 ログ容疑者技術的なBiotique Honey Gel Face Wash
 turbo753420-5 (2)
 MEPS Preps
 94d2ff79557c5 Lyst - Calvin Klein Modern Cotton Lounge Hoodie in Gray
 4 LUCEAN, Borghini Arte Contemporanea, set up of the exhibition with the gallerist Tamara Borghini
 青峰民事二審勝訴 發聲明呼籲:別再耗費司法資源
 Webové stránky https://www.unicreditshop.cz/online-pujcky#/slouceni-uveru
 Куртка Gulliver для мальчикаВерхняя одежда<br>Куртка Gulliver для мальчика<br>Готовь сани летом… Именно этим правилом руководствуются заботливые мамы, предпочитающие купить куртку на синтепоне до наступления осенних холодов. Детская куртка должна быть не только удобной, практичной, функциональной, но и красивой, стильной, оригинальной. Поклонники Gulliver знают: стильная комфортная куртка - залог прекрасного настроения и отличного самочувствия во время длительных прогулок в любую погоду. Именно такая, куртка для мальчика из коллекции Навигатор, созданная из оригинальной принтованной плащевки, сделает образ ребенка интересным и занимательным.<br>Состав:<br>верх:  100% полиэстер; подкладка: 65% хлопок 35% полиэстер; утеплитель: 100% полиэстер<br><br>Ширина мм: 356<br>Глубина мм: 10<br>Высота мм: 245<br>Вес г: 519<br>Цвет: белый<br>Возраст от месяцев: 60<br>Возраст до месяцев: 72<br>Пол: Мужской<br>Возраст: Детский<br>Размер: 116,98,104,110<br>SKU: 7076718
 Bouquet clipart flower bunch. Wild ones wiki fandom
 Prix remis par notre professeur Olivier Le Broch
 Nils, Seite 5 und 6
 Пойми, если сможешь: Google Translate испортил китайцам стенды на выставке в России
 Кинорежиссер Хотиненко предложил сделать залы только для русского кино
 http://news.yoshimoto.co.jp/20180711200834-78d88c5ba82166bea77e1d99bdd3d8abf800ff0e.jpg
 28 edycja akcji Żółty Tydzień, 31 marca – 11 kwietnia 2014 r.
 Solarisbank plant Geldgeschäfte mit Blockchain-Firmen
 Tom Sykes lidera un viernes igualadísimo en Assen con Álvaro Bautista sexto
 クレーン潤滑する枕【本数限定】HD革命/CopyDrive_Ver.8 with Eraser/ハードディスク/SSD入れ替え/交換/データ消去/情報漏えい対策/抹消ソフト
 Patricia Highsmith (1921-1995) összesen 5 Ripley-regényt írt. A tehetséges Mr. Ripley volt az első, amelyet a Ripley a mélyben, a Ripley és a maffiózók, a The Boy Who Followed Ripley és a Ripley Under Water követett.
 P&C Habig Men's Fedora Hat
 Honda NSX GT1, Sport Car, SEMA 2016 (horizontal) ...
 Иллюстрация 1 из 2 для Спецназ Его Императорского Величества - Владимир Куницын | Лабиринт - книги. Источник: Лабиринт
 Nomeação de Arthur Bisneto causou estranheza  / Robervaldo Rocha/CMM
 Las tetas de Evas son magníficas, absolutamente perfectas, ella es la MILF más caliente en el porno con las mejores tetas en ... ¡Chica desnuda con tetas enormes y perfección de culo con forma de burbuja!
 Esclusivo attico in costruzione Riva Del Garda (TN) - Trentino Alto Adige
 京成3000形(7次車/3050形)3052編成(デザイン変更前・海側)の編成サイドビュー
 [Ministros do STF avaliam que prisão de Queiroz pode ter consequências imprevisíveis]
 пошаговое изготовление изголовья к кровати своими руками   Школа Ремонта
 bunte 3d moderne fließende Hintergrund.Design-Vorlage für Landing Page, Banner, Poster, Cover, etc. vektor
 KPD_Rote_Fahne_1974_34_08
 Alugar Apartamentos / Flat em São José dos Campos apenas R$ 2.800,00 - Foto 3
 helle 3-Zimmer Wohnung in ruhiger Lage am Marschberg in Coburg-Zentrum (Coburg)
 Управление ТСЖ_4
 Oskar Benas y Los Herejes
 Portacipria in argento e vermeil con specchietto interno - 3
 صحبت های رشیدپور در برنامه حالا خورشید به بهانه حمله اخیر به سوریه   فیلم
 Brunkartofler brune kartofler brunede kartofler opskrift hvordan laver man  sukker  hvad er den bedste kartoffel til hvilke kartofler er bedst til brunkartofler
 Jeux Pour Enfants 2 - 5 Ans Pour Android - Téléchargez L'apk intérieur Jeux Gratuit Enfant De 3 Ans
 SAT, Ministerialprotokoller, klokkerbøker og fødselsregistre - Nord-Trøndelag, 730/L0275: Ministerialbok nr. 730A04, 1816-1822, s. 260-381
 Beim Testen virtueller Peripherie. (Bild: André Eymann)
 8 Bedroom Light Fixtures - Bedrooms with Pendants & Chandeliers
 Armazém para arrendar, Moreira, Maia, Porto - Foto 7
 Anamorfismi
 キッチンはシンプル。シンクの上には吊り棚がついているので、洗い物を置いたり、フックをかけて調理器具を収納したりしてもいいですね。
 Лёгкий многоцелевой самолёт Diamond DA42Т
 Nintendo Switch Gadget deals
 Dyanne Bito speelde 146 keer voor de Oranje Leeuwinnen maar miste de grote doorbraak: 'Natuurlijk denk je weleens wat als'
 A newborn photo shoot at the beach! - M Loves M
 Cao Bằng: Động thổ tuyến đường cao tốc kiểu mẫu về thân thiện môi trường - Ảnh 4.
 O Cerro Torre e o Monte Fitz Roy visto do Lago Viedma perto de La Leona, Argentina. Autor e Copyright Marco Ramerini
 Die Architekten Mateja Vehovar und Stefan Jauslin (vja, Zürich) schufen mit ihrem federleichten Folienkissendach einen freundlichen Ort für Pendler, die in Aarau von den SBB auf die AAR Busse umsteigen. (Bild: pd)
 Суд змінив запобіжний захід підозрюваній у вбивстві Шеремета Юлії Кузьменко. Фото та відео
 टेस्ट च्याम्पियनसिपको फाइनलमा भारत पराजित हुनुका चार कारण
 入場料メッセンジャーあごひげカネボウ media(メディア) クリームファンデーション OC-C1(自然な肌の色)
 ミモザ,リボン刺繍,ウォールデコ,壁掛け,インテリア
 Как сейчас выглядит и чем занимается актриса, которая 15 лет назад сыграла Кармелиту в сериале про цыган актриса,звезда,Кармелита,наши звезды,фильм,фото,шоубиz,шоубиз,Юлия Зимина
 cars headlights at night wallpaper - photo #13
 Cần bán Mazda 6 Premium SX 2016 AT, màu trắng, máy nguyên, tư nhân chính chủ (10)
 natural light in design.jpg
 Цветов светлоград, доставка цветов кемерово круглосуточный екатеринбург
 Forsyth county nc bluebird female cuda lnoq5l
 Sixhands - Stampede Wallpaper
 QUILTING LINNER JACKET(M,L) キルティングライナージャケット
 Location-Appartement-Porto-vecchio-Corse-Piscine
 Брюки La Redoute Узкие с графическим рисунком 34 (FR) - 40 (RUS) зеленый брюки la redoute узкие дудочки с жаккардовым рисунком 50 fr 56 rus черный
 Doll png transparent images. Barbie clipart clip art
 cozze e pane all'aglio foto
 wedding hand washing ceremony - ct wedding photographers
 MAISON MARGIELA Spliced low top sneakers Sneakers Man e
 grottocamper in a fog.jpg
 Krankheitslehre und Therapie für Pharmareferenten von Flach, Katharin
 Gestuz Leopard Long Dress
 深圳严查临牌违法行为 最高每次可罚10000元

__________________________________________________

• [Required work] Using the listing above, count the lines that contain the word "clipart" and state only that number.

• [Answer area] 2